HAZARD, Ky. (WYMT) - With coal revenues still low in the Commonwealth, state lawmakers are predicting a major deficit in coal severance dollars. A meeting was held today in Hazard to discuss options for coal-producing counties.
Senator Brandon Smith and Representative Fitz Steele say coal severance receipts are $88 million short of projections.
"Obviously these things are tremendously short," said Smith. "A lot of that stuff's because the numbers that we were given originally aren't true, and a lot of that's because the coal companies have shut down. There's less coal on the market so the sales are down."
According to Smith, coal-producing counties are looking at cutbacks of 60 percent or more for coal severance projects.

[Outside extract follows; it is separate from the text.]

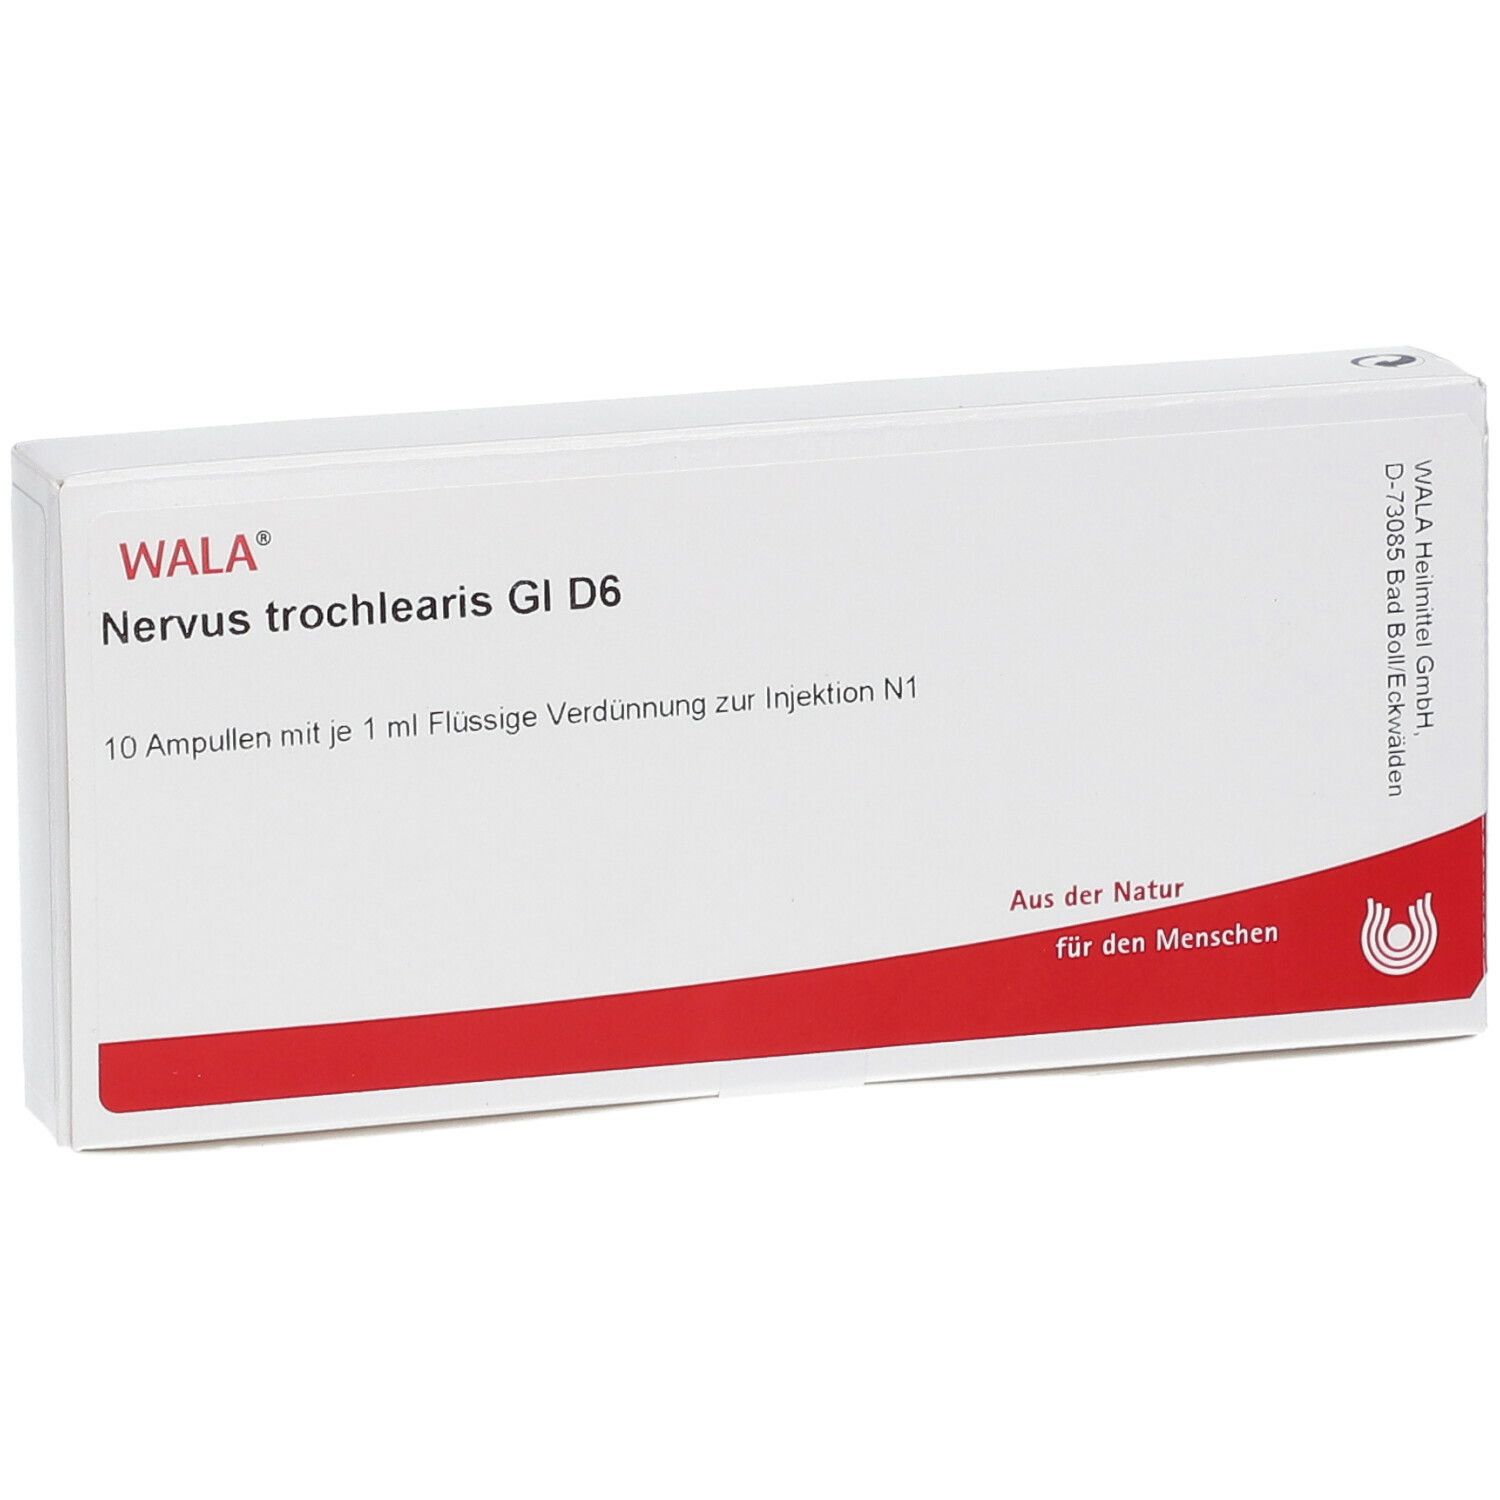 WALA® Nervus trochlearis Gl D 6

"We do obviously want the larger share to come back to this region, and right now we feel like that is being taken, that we have the smallest piece of the pie and they're going to take all of the shortfalls out of that. That's just unacceptable," the senator said.
With the news of such a massive deficit in coal severance funding, county judge-executives we talked to say they're planning for the worst, and expect hard times to come.
"We have been told that for the past few years, couple of years that lean times were coming," said Floyd County Judge-Executive R.D. "Doc" Marshall.
"I'm concerned about everyone. It's going to hit us hard," said Perry County Judge-Executive Denny Ray Noble. "Like I said, Perry County, we're in good shape, but still with this loss of funds it's going to cut projects."
Smith says he plans to campaign for assistance for coal counties when the General Assembly convenes in January.
We tried to check Senator Smith's figures with the state budget director's office, but they could not be reached for comment.